We need to be aware of that right now and daily remind ourselves that the areas suffering most right now (Italy, Spain, NYC) could be replicated in any of our hometowns tomorrow. Yesterday 683 people died in Italy from COVID. Italy has been losing 600-800 people daily for about a week. If (and it’s a big if) we are spared from Italy’s fate, we need to continually remind ourselves that inaction would have almost certainly forced us to replicate an experiment we never wished to be part of.
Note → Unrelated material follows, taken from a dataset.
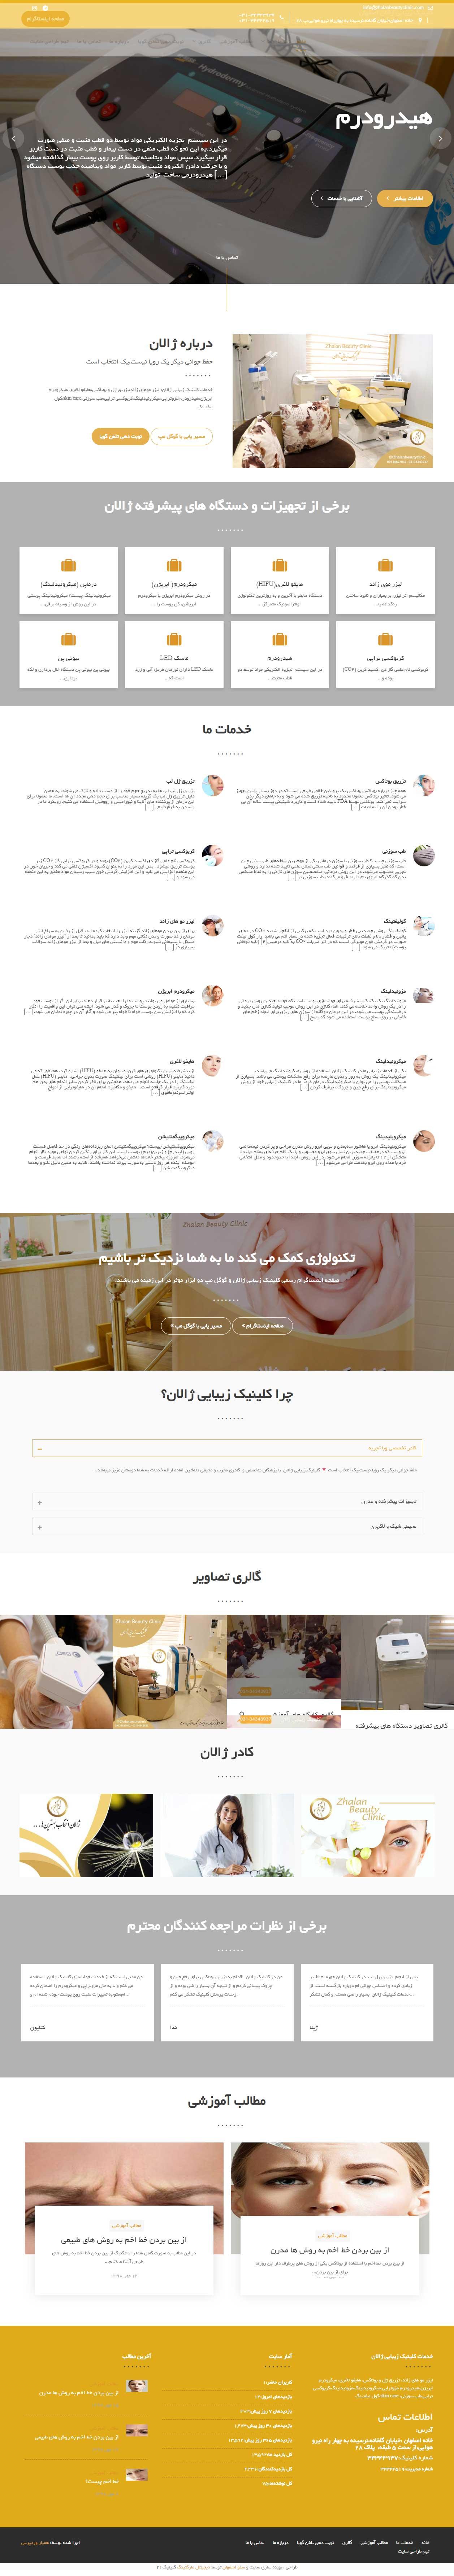 طراحی وب سایت کلینیک زیبایی

Its information overload right now. Not every doctor or healthcare worker is an expert. That includes this author. I have many more questions than answers. Trust, but verify. Gravitate towards those who admit their knowledge gaps. Follow those who reference large health organizations. Be cautious of those who provide guarantees, certainties or 100% knowledge claims.- Thank God for organizations like the CDC, the WHO, and Johns Hopkins University. Anti-vaxers and others spreading conspiracy theories and slander against these organizations for decades will hopefully wake up full of regret and shame after this event passes. Though, I’m guessing this is unlikely.
Even more gratitude for the healthcare workers out in the field, emergency rooms, hospital wards and ICUs. I’m an ER doc and we get paid well to do our job. I can't complain. What about the EKG techs, phlebotomists, EMT’s who make slightly above minimum wage, but are currently risking their health and possibly lives to care for the most vulnerable of our society?To the firefighters, nurses, respiratory therapists, pharmacists, social workers, registration staff and the many others I'm forgetting:
Seriously. Thank you.
From the bottom of my heart.
Thank you. You’re a bunch of damn heroes.
- 2 ER docs are currently in critical condition in the United States. One is in their 40’s and supposedly previously healthy. This hits home for obvious reasons. Healthcare workers suffered a disproportionately high mortality when controlled for age/comorbidities in Italy and China.21, 22, 23 There will definitely be martyrs/heroes. But this is what we trained for and some will certainly be called to give the ultimate sacrifice. I hope its not me. I couldn’t imagine a situation where it would be me. But it will certainly be some of us. It's a statistical likelihood, albeit small. Keep up the good fight. Stay strong & healthy. Be balanced, tenacious, and excellent in all you do.
Of course, this too will pass. But it will likely never really be quite the same.